Le lour,
Trompette scandinave.
Trompette scandinave.
Cette trompette de forme si élégante a figuré à l'Exposition universelle de 1867, au milieu de la section danoise. Les archéologues danois lui ont donné le nom de Lour ( Lur ou Luer) ; les antiques sagas désignaient ainsi le cor dont faisaient usage les héros dont les noms, grâce à la poésie, sont venus jusqu'à nous.
Un savant spécial, l'habile éditeur de la Bibliographie musicale, a soumis ce bel instrument à une étude attentive, et il en a donné une description que nous sommes heureux de reproduire ici (1) :
"Il se compose de deux pièces d'inégale longueur. L'une a la forme d'un fer à cheval, se termine par une embouchure qui fait corps avec elle, et s'emboîte dans la seconde. Celle-ci, largement recourbée, aboutit au pavillon. Elles ont à elles deux un développement de 2,06 m. Le tube croit progressivement. De 0,008 m; à l'embouchure, son diamètre est de 0, 09 M; tout autour, percé de huit trous. A ces huit trous s'adaptent autant de demi-sphères creuses, ayant, du côté qui regarde l'instrument et où elles sont maintenues par de petites fiches, 0,03 m. de diamètre, décrivant de l'autre une saillie de 0,02 m. environ. Était-ce un ornement? Étaient-elles destinées à modifier la qualité du son? Le champ est ouvert aux hypothèses.
"La portion droite du tube comprenant l'embouchure a subi une réparation assez forte. Mais le travail primitif, les filets en spirale, les anneaux gravés régulièrement qui cerclent le tube, les orbes perlés qui décorent le pavillon, dénotent une main habile et attestent un art avancé."
Disons tout de suite que de ce noble instrument, dont l'antiquité ne peut pas remonter à moins de deux cents ans avant l'ère chrétienne, on a pu tirer encore un son d'une certaine beauté; laissons parler de nouveau notre savant musicologue: "Plusieurs personnes ont essayé de souffler dans la trompette, contemporaine, sinon mieux, d'Odin et de Marius. Elles n'avaient guère réussi qu'à lui faire pousser une clameur rauque, tels qu'en rendent, le jour du mardi-gras, les cornets à bouquin. Fort heureusement, un carabinier de la garde, portant au côté la trompette moderne, est passé par là. Invité à manier ce tube gigantesque, il s'est reculé d'abord, croyant à une mystification. L'assistance toute entière a pris soin de le rassurer.

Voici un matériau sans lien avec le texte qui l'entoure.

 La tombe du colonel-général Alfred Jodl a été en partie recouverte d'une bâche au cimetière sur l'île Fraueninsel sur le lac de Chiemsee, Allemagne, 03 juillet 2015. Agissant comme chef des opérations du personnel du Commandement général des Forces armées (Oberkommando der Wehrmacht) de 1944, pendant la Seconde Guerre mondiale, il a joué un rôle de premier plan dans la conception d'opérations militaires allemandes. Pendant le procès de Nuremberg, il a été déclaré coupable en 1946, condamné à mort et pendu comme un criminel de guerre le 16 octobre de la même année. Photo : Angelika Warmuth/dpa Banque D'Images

Bref, il s'est appliqué l'embouchure aux lèvres, puis il a tiré de l'airain sinueux des sons pleins, d'un éclat relativement assez doux. Le Lour, joint aux divers membres de la même famille, leur apporterait le concours d'une basse puissance, etc."
Dans l'histoire de cet instrument si curieux, il y a un fait capital que nous ne saurions dissimuler; il ne pouvait être établi que par un critique éclairé, familiarisé surtout par de nombreuses études avec les moindres détails de l'instrumentation chez les peuples anciens. selon l'écrivain qui nous sert ici de guide, l'embouchure de la trompette scandinave a été déplacée. "les deux pièces de l'instrument affectent, dit-il, à peu près la forme d'un S retournée. Mais il me semble évident que, pour lui rendre sa situation naturelle, il faut ramener l'embouchure vers le pavillon en manière de G. Si alors on le renverse, c'est à dire si on met le pavillon en dessus et qu'on dirige l'embouchure de bas en haut, l'on est immédiatement frappé de l'analogie que le lour présente avec la trompette courbe des Romains, sculptée sur la colonne Trajane, sur divers marbres antiques, et dont chacun peut voir dans Laborde la représentation."
En même temps qu'il tente de prouver l'étroite parenté du lour avec la tuba curva des Romains, le savant critique dont nous avons reproduit l'opinion tient à faire remarquer la pureté du bronze employé pour la confection de l'instrument: l'analyse chimique du métal a produit dix parties d'étain contre quatre vingt dix de cuivre.
En l'année 1867, le Musée de Copenhague possédait une dizaine d'exemplaires complets de ce curieux instrument, et l'on comptait un pareil nombre de fragments semblables dont on pouvait faire usage, nous le supposons du moins, pour compléter certains spécimens obtenus par des fouilles nouvelles. Les tourbières nombreuses du Danemark, et entre autres celles de Maltbek, en avaient fourni plusieurs. On en avait rencontré également, en 1866, un certain nombre à l'ouest de Horsens, diocèse d'Aarhuus.
(1) Voy. le journal de l'Union de l'Ouest, 24 octobre 1867. Sous le pseudonyme de E. Heffner s'est caché cette fois notre musicologue M. Pottier de Lallaine, dont on connait les nombreux travaux.
Le magasin pittoresque, février 1876.